El sheriff se volvió a Teeny y “Miserias”.

—Nada más hay que hacer aquí, muchachos —les dijo—. Sigamos hacia el Valle de Pompano.

Una larga línea púrpura coronaba lo alto del cañón cuando los tres camaradas llegaron a la barranca, ya anochecido. Miraron hacia el Valle de Pompano.

Una pequeña cortadura en la parte Norte era su única salida aparente. Semejaba aquello una pequeña prisión de granito, circundada por muros ciclópeos. Pero los malhechores que utilizaban el Valle de Pompano como escondrijo —y lo utilizaban muchos— conocían caminos secretos que conducían a la frontera.

Había varias cabañas en el valle, pero desde el punto que ocupaba Pete, sólo se podía ver una en la que brillaba una luz. Los leñadores debían de haberse acostado hacía unas horas; muchos se retiraban al anochecer y rara vez encendían una lámpara.

—Me parece que aquélla de la luz es la que buscamos —dijo Pete a sus comisarios.

Señaló hacia abajo. Una tenue y ondulante columna de humo azul salía de la tosca chimenea.

—No parece que se mueva nadie por allí, patrón —observó Hicks “Miserias”.

—No lo parece —concedió Pete—. Pero nos aproximaremos con toda precaución, por si acaso. Probablemente habrán dejado a alguien de centinela.

Desmontaron los tres compañeros y, como de costumbre, procedieron a atar sus caballos fuera de la zona de peligro. Luego, con Pete a la cabeza, se deslizaron cautelosamente hacia la pequeña construcción de madera.

Mientras observaban, se abrió la pequeña puerta y salió un hombre con un cubo de agua, cuyo contenido arrojó entre las malezas. Pete aprovechó el momento para escudriñar en el interior de la iluminada cabaña. Sus ocupantes no estaban en línea con la puerta, pero Pete pudo oír el ruido de naipes al ser arrojados sobre una mesa.

—Lo menos debe de haber ahí dentro media docena —musitó a sus comisarios, cuando el hombre del cubo volvió a entrar en la cabaña y cerró la puerta.

Mientras Pete se disponía a rodear el pequeño edificio para ver lo que podía descubrir por la ventana trasera, volvió a abrirse la puerta y aparecieron dos hombres. Ambos se detuvieron frente a la choza y parecieron escuchar.

—Parece que esperan visita —musitó Teeny Butler.

Pete sonrió lúgubremente.

—Pues no van a tener que esperar mucho —dijo.

Los dos bandidos se alejaron de la cabaña y caminaron hacia los comisarios en la oscuridad.

—Debes de estar equivocado, Jake —decía uno—. Yo no oí nada.

El individuo llamado Jake murmuró entre dientes y los dos siguieron avanzando hacia los defensores de la Ley.

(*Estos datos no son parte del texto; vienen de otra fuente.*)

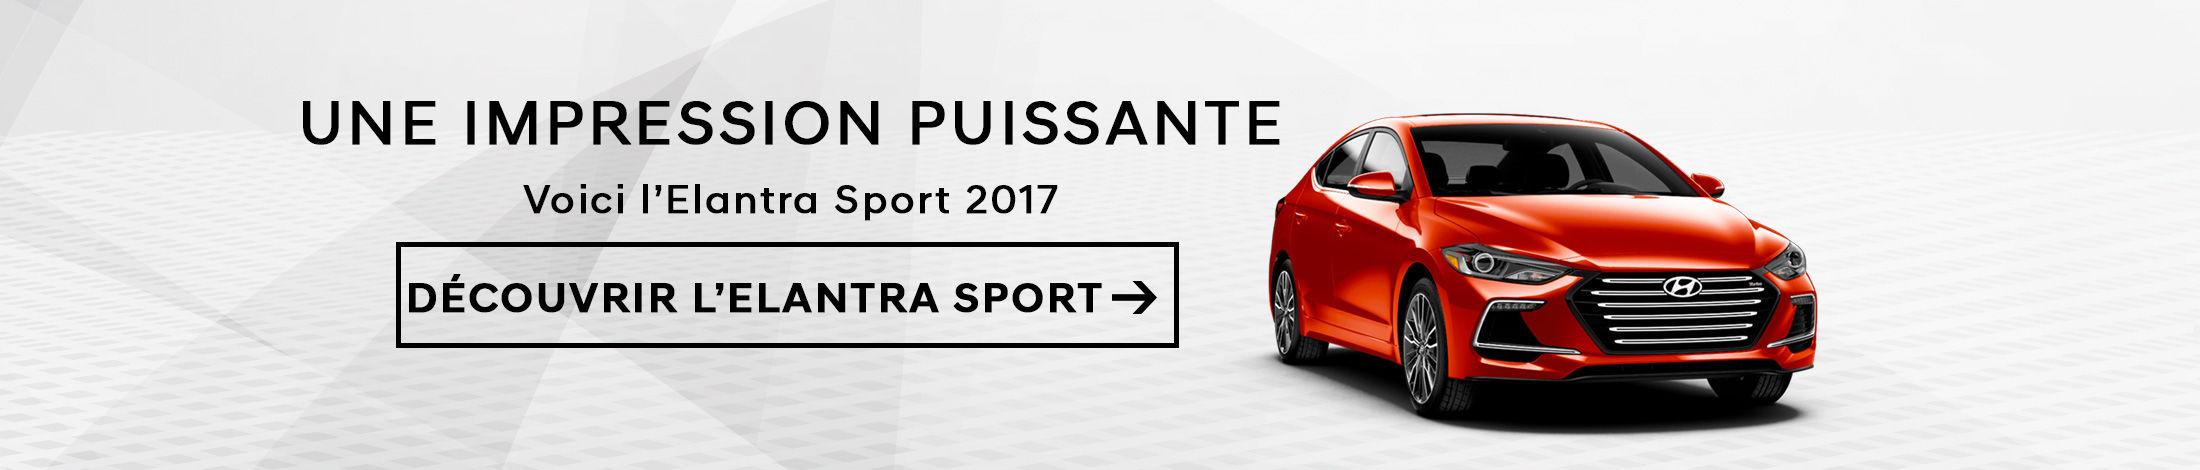 Elantra sport 2017 betty

—Uno para cada uno, compañero —susurró Pete al oído de Teeny Butler—. Podemos cortarles el paso sin necesidad de meter ruido. Dedícate al de las patillas.

Los bandidos seguían aproximándose. De pronto, Pete y Teeny parecieron surgir de la nada. Las manos de los bandidos se dirigieron a sus revólveres, pero no con la suficiente rapidez.

¡Plash!

¡Plash!

Los puños como mazas de Teeny Butler alcanzaron al hombre de las barbas en la mandíbula. El de Pete Rice levantó al otro en vilo y lo lanzó a un metro de distancia. Ambos malhechores cayeron sin lanzar un gemido. Cuando Pete Rice y Teeny se aproximaron a ellos, estaban inmóviles en las más absurdas posturas.

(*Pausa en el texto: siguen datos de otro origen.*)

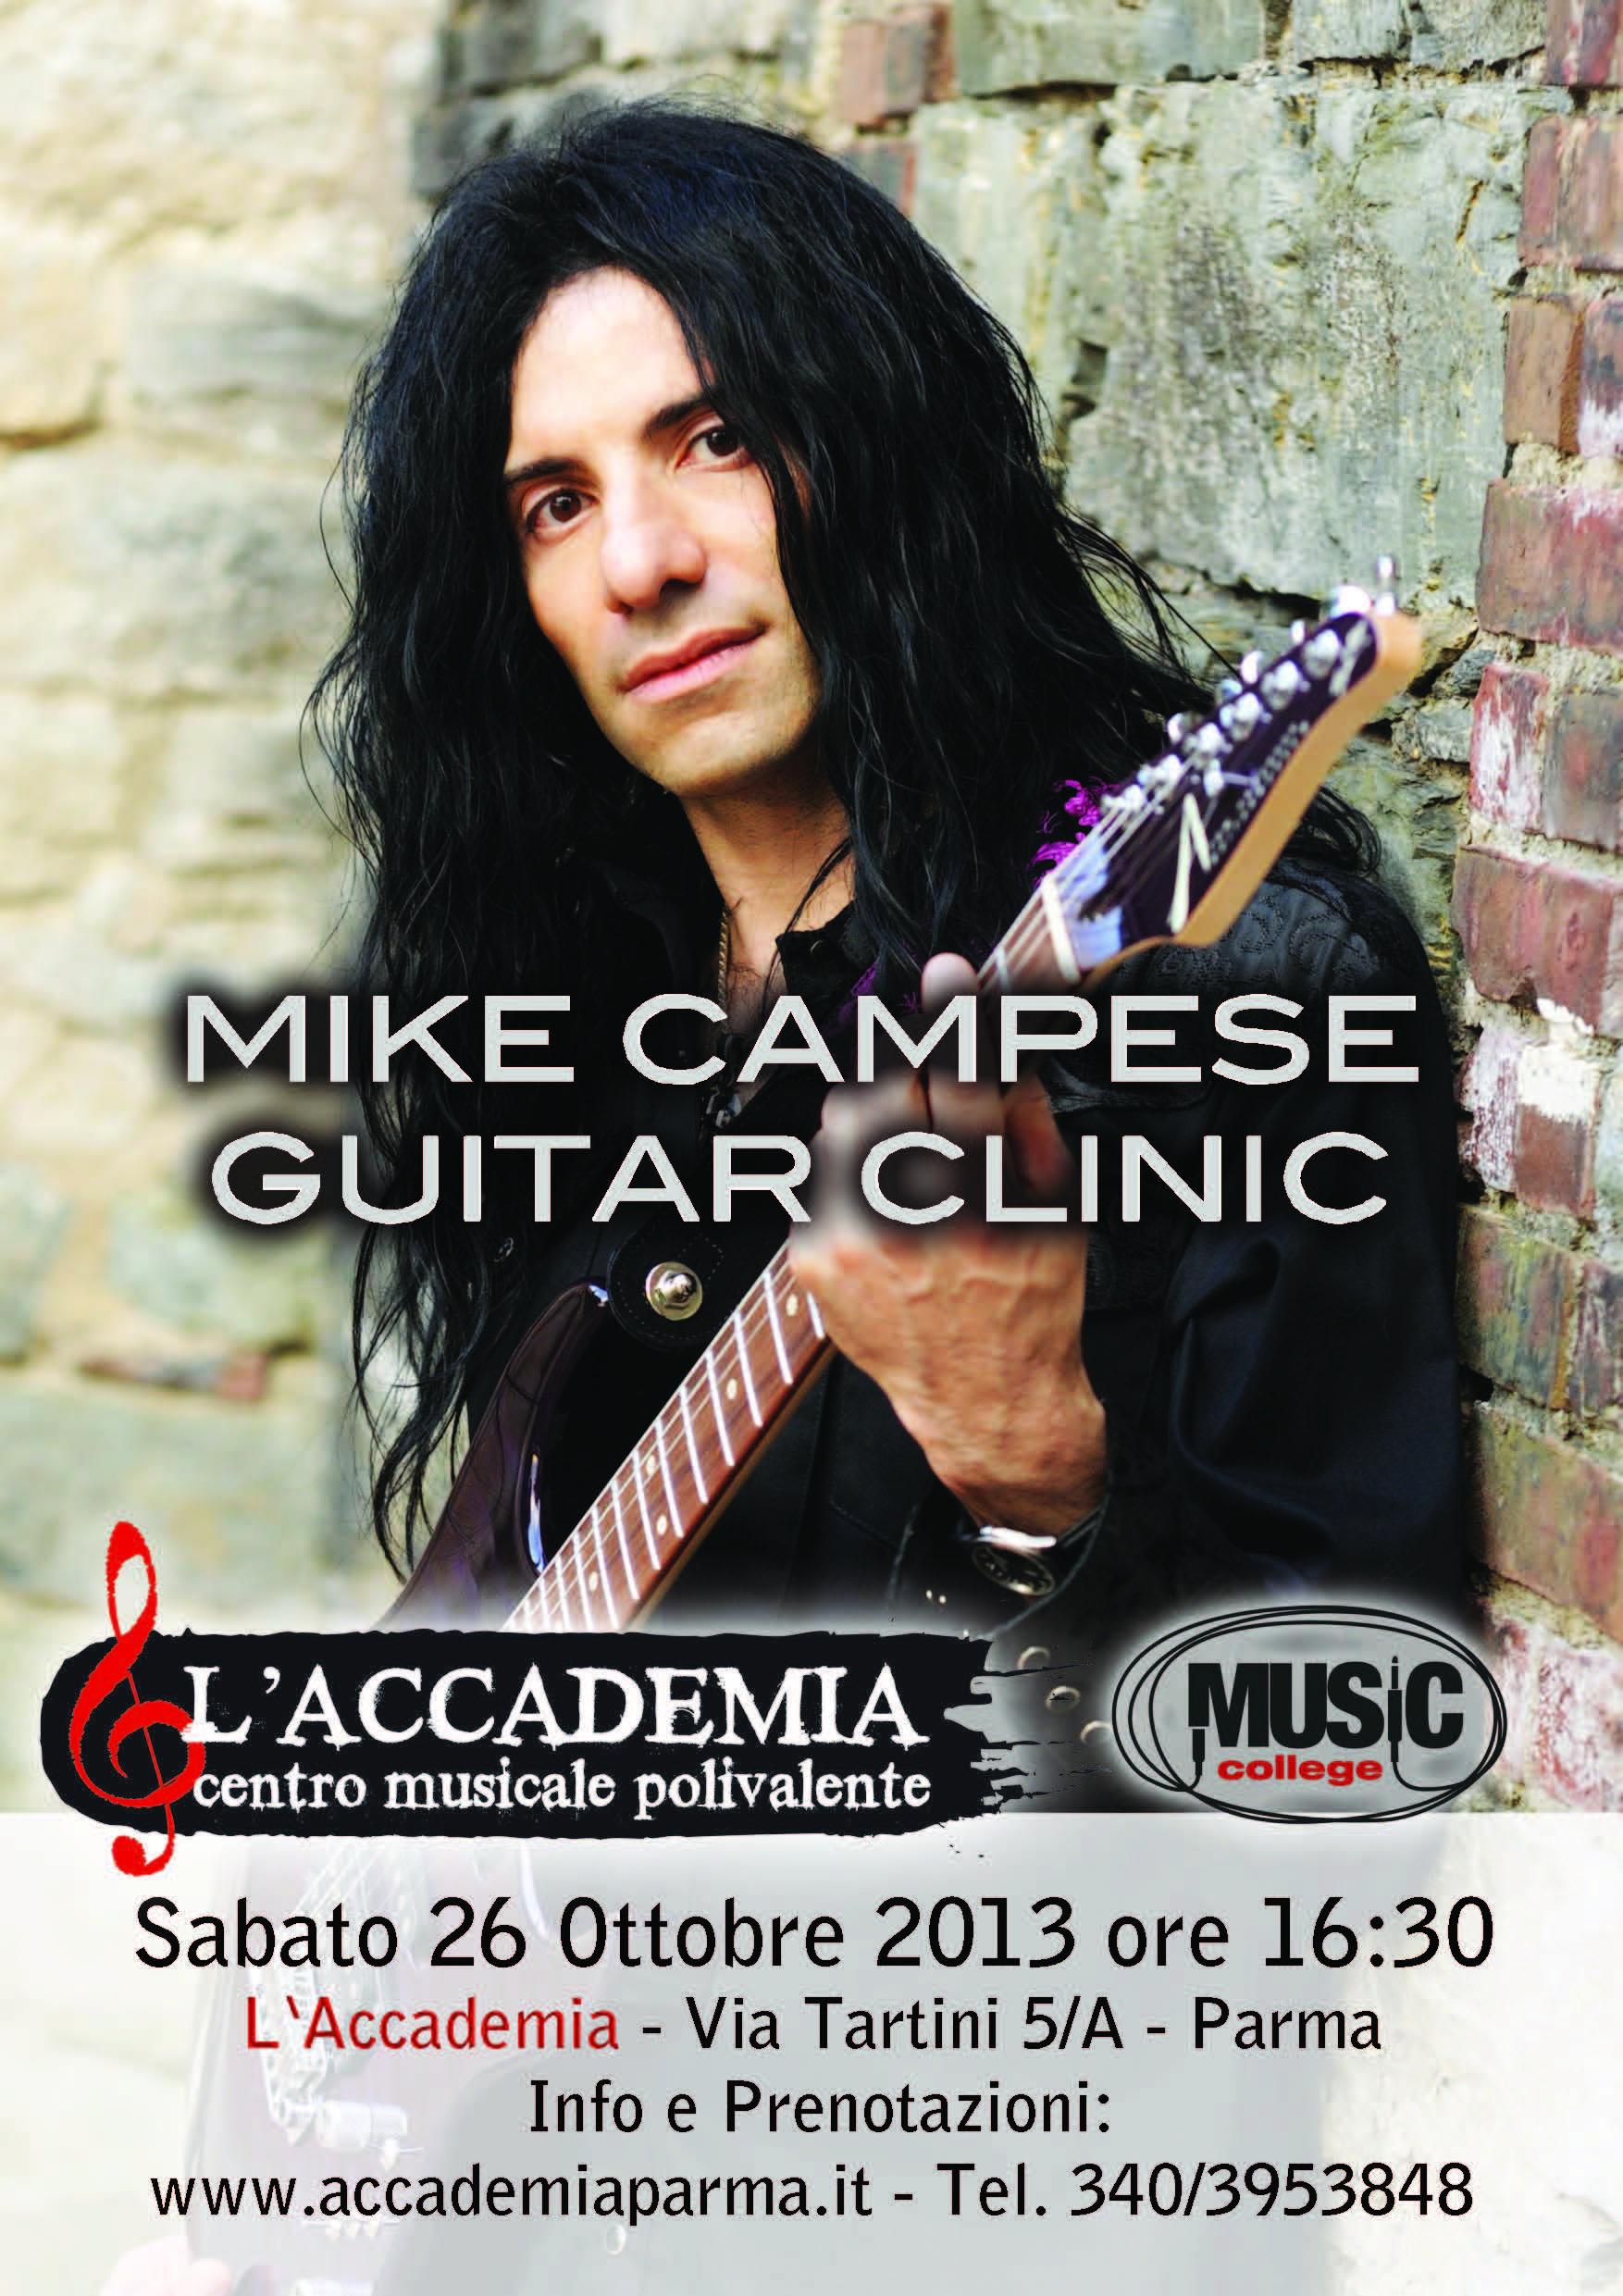 Mike Campese: clinic a Parma per il chitarrista

Pegado a los talones de Pete, “Vulcano” dejó escapar un discreto gruñido.

—Mejor será que te lleves a “Vulcano” y vuelvas dentro de un rato —sugirió Pete a Teeny—. Este animal no puede por menos de expresar sus sentimientos, y la gente de ahí dentro podría oírle.

Pero “Vulcano” se resistió a separarse de Pete. Y de todos modos, el daño ya estaba hecho. La puerta de la cabaña volvió a girar sobre sus goznes y una cinta de luz perforó la noche. Apareció en el umbral un hombre cubierto con amplio sombrero. Su mano derecha empuñaba un Colt del 45.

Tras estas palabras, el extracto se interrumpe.